# [Extracted information]
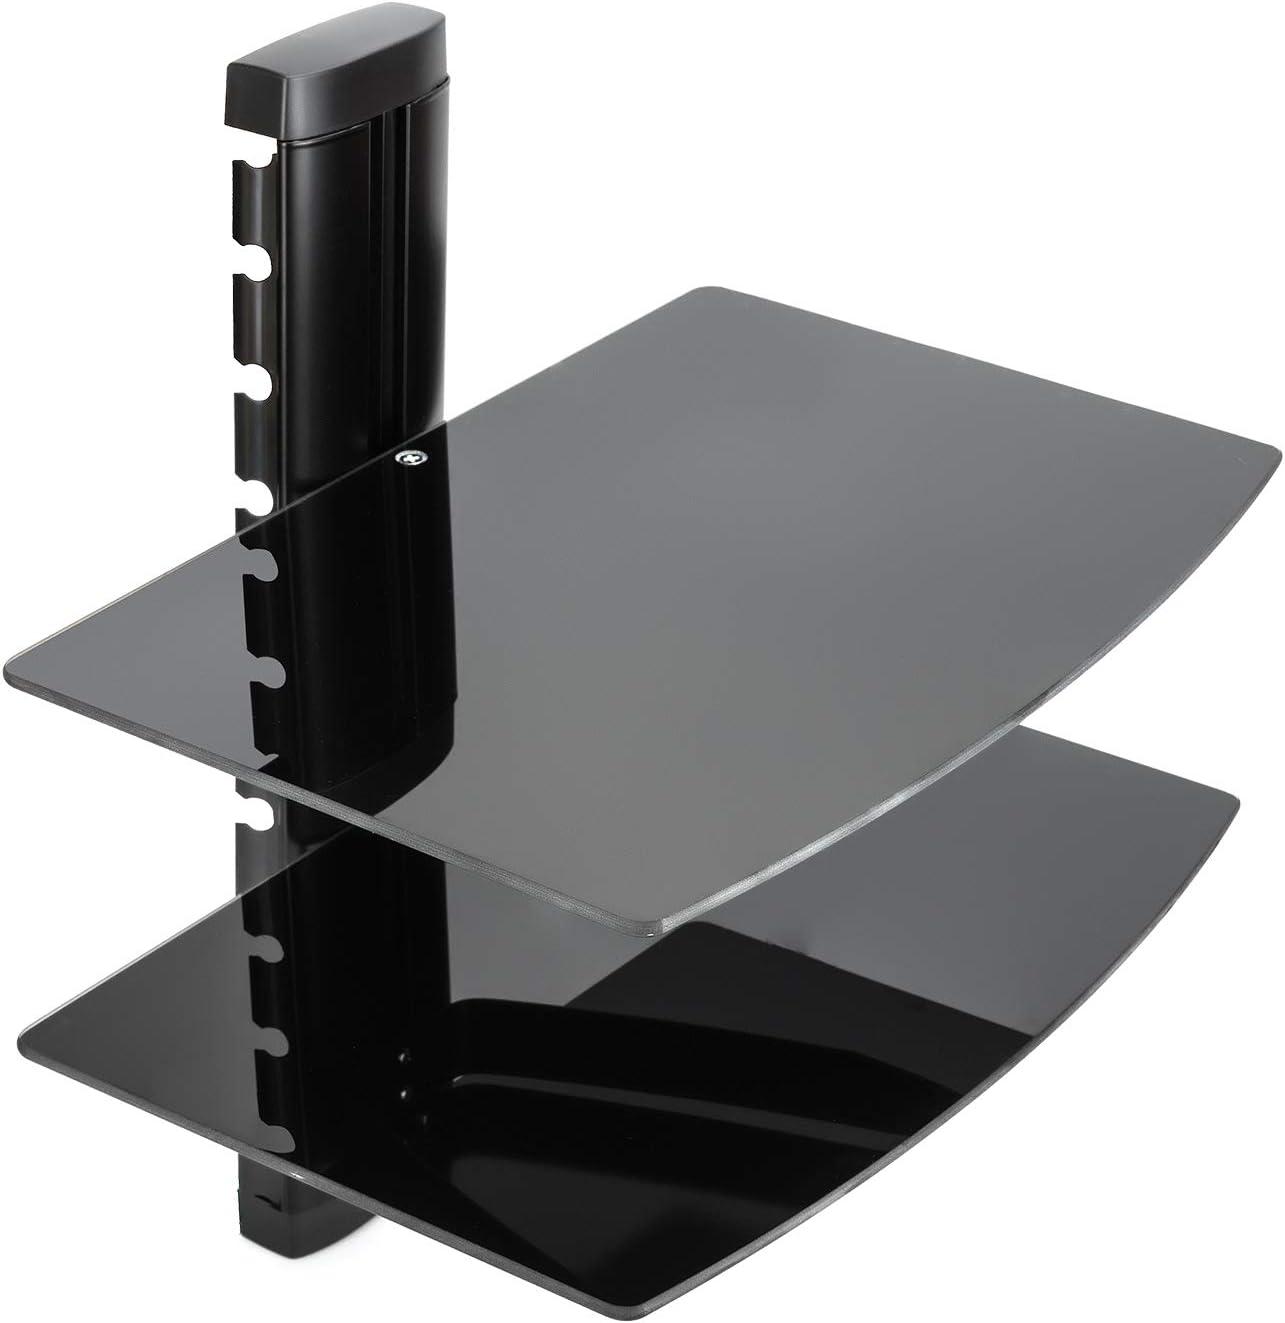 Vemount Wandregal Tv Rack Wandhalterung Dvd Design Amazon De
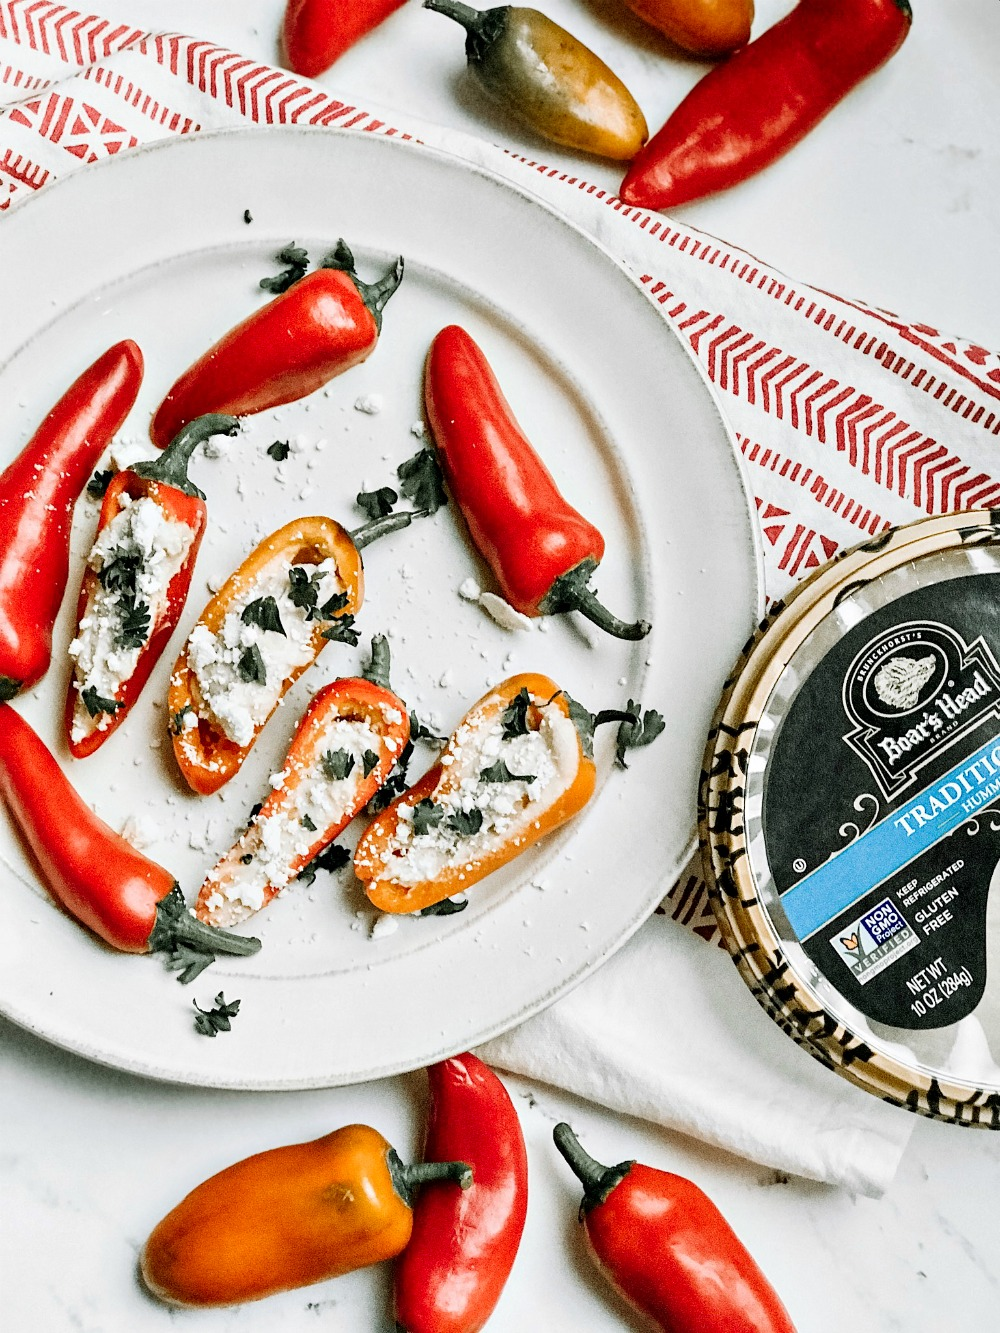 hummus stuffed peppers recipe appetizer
...
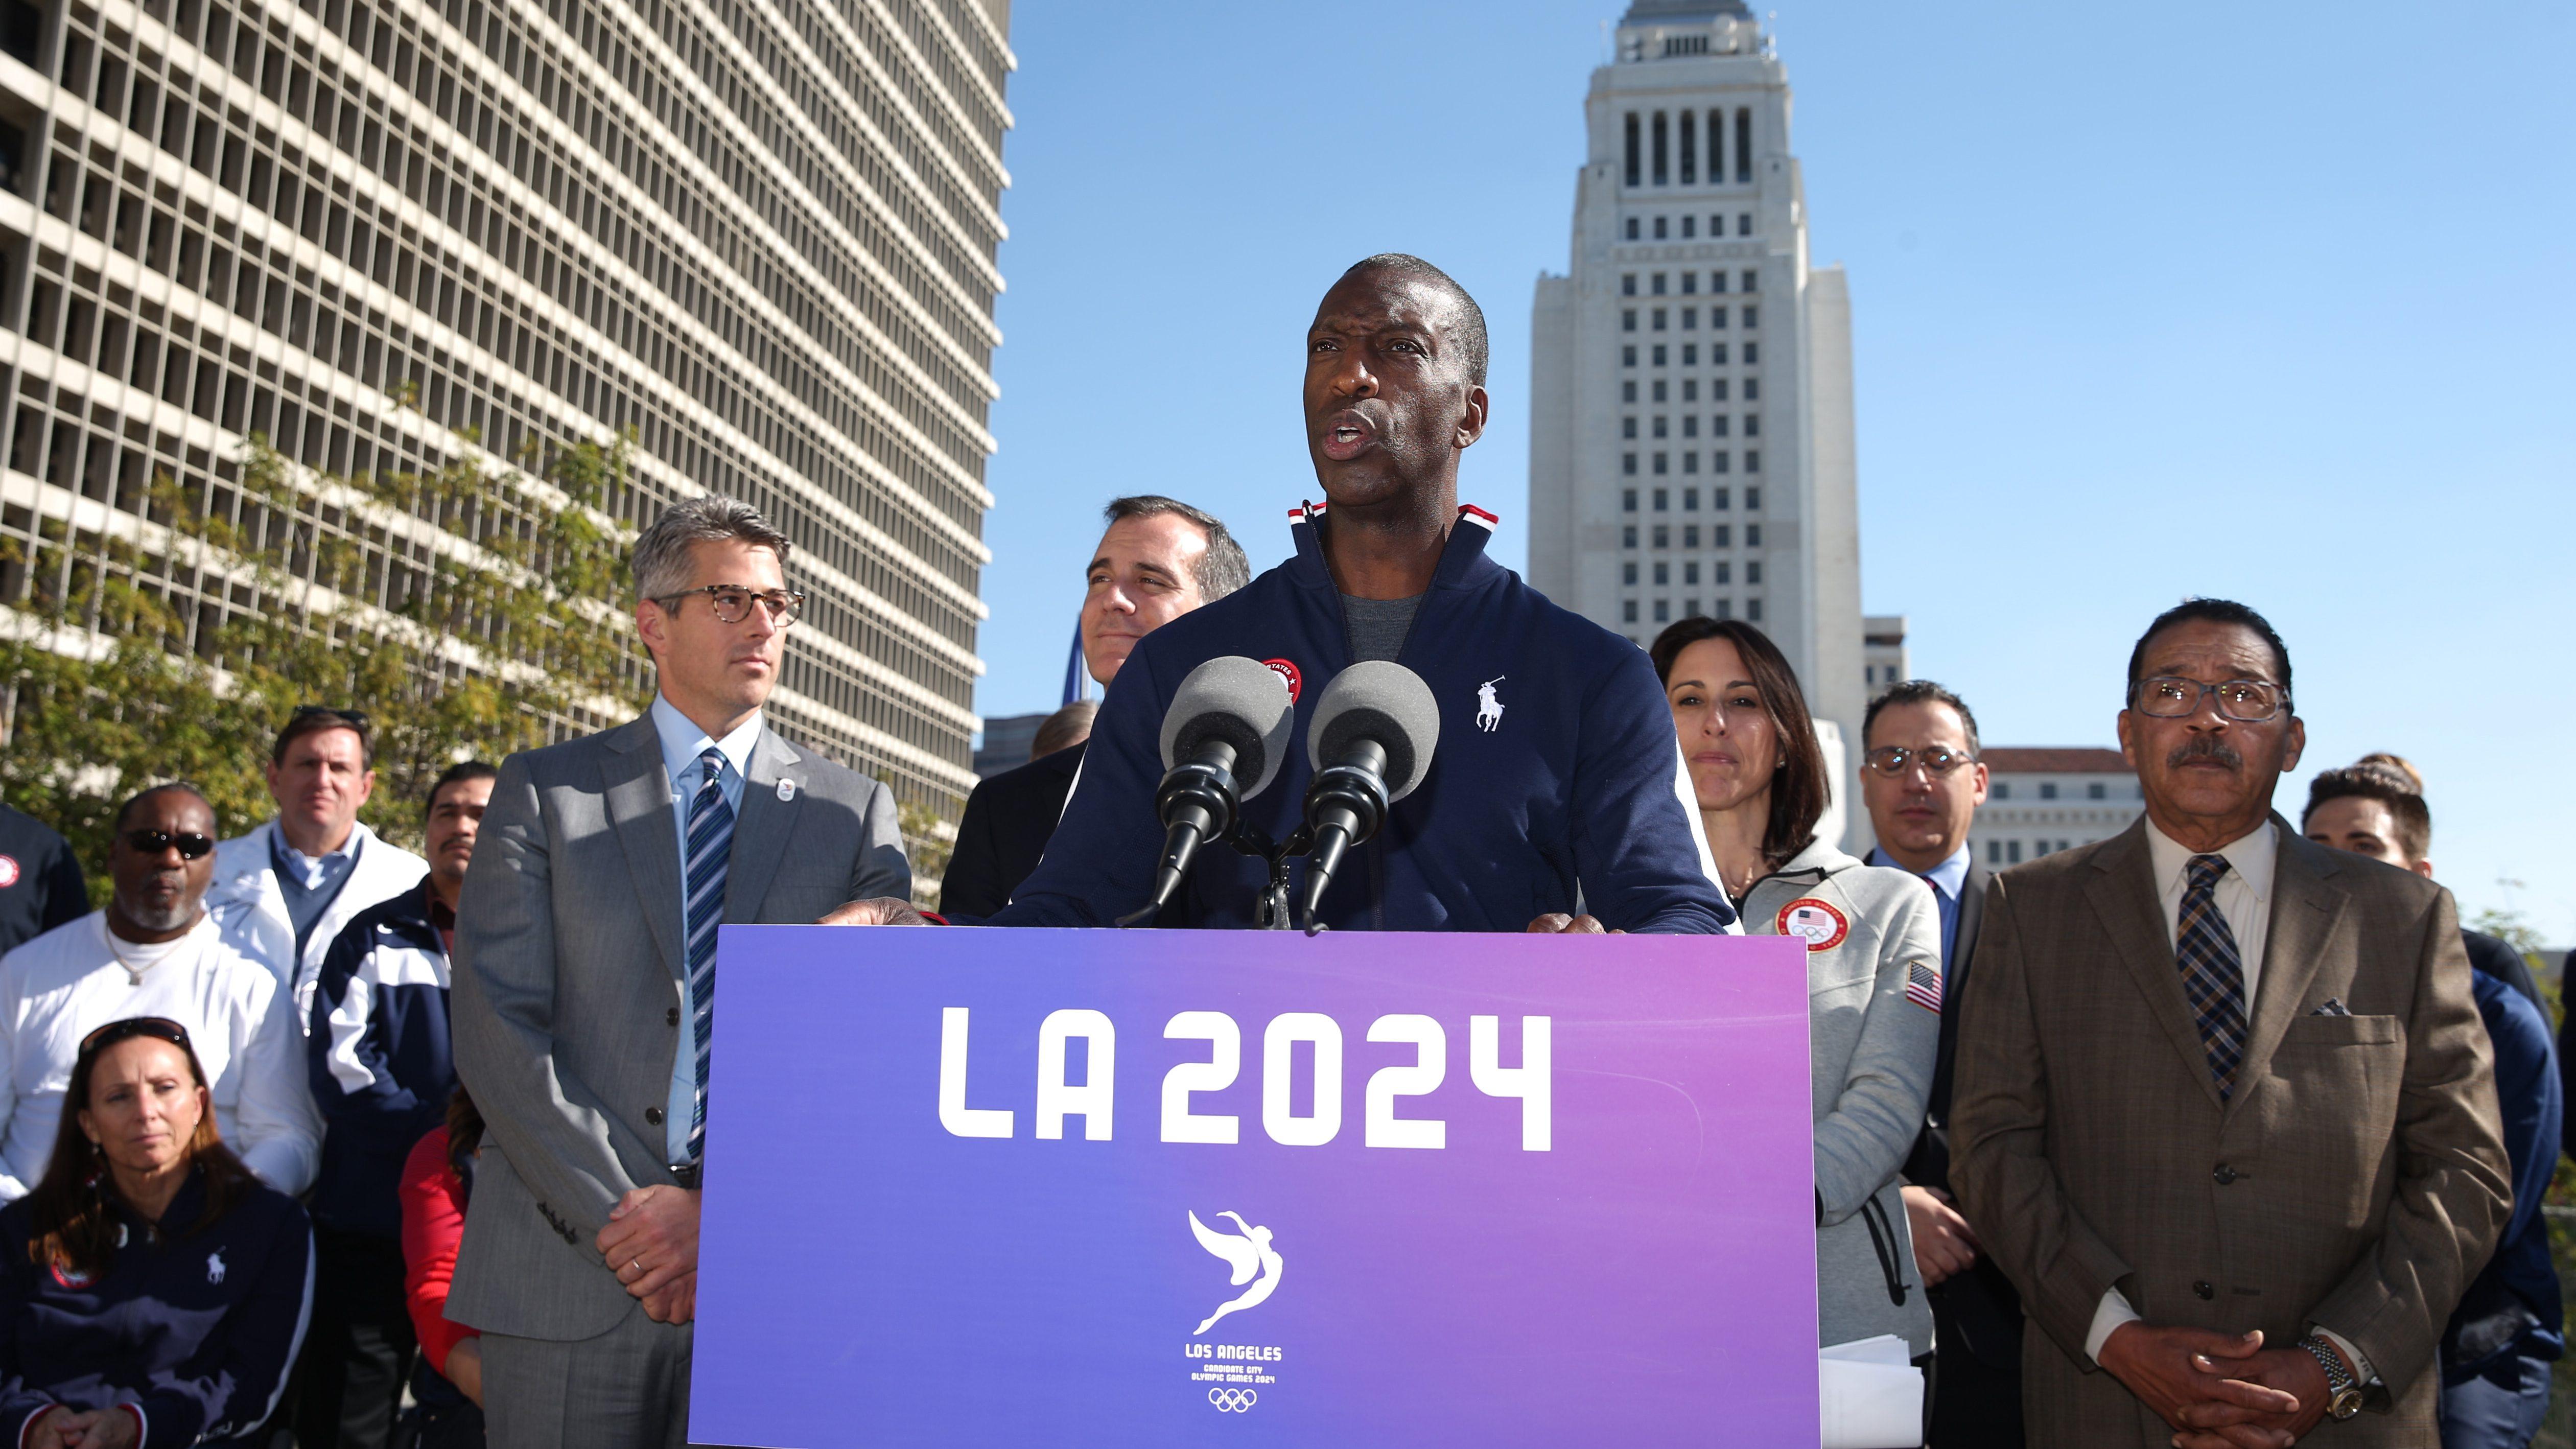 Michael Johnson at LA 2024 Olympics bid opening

# [What needs to be done]
Looking at the listing above, which lines run from the one containing "Vemount Wandregal Tv" through the one containing "hummus stuffed peppers recipe appetizer"? Print exactly those, ends included, pictures excluded.

# [Worked solution]
 Vemount Wandregal Tv Rack Wandhalterung Dvd Design Amazon De
 hummus stuffed peppers recipe appetizer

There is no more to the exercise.